Wednesday, March 5, 2008

Shred Aquarium, Stuart Bogie, and @ The Empty Bottle

On a frigid Tuesday night in Chicago, why not go check out some avant-garde jazz/funk/rawk music? The Empty Bottle pretty much lived up to its moniker with only a smattering of folks out to check out the primarily local acts. led off with a set wholly comprised of experimental, improvisational jazz. Most notable was drummer Jerome Bryerton pulling out various objects to clang and bang on his kit which featured eight cymbals to begin with. He pulled out a bow and made feedback the old fashioned way, and scratched drumsticks and metal objects on his skins. Meanwhile, bassist Andrew Scott-Young and saxophonist Paul Hartsaw delivered crazy trills, riffs and sounds. It was all very loose, but that was the point. These were not pop songs. All members were able to show off their chops, but the songs obviously lacked a certain cohesion. One other note - a woman at the bar was loudly discussing Wilford Brimley, and the bartender politely and discreetly asked her to keep her voice down while the band was playing. Thought that was pretty cool.

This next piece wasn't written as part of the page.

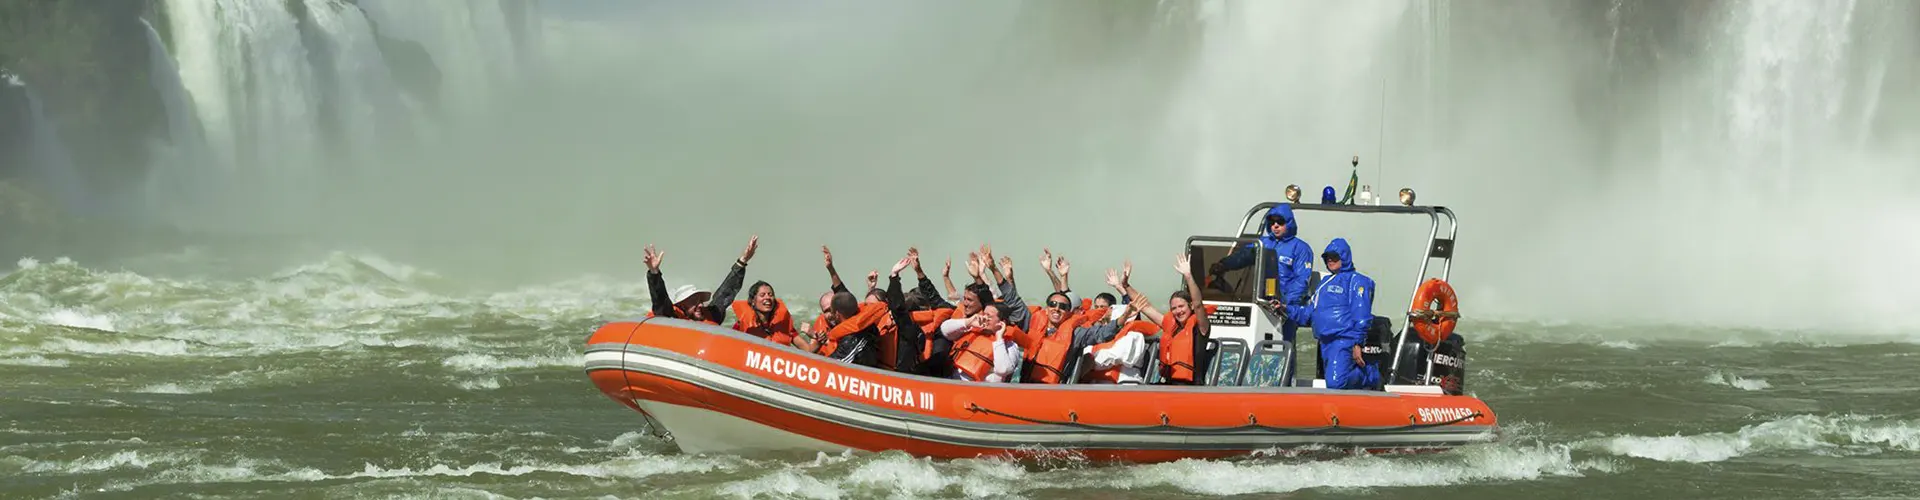 Ingresso Macuco Safari - Passeio de barco nas Cataratas

Up next was Stuart Bogie, reed-player extraordinaire and member of Antibalas Afrobeat Orchestra. Though Bogie lives in New York, his band was comprised of locals (he grew up in the area), and sounded incredibly tight for having rehearsed only one time. Musicianship reigned with solos on trombone, violin, and alto and tenor sax. The rhythm section kept a good groove going, and on guitar, a funky chirping reminded one of James Brown. The fun set ended far too early, but did manage to get a number of folks up and dancing.
Drummer Theo referred to Shred Aquarium as a side project, noting that it was one of about six things they're working on. With some loops and edgy guitar work, it was only so compelling, but the songs were mostly brief and had some interesting passages.
Of greater note is that either Andrew Bird or someone that looks remarkably like him was in attendance. After more drinks, my crew became more convinced that it was in fact him. I should note that I have become more and more obsessed with him ever since his show at the Riv last April. His music continues to grow on me, getting better with each listen. If, indeed, it was Andrew Bird, he and I were in the bathroom at the same time. I probably gave him a very odd look, despite realizing that the environs were far from ideal to be starstruck. When we left, we passed right by Bird, or his doppelganger, and I gave him another weird look. Had this been a year and a half ago, I probably would have said hello. But now that my fanaticism has grown to obsessive proportions, I had no idea what to say to the man. Does that even make any sense?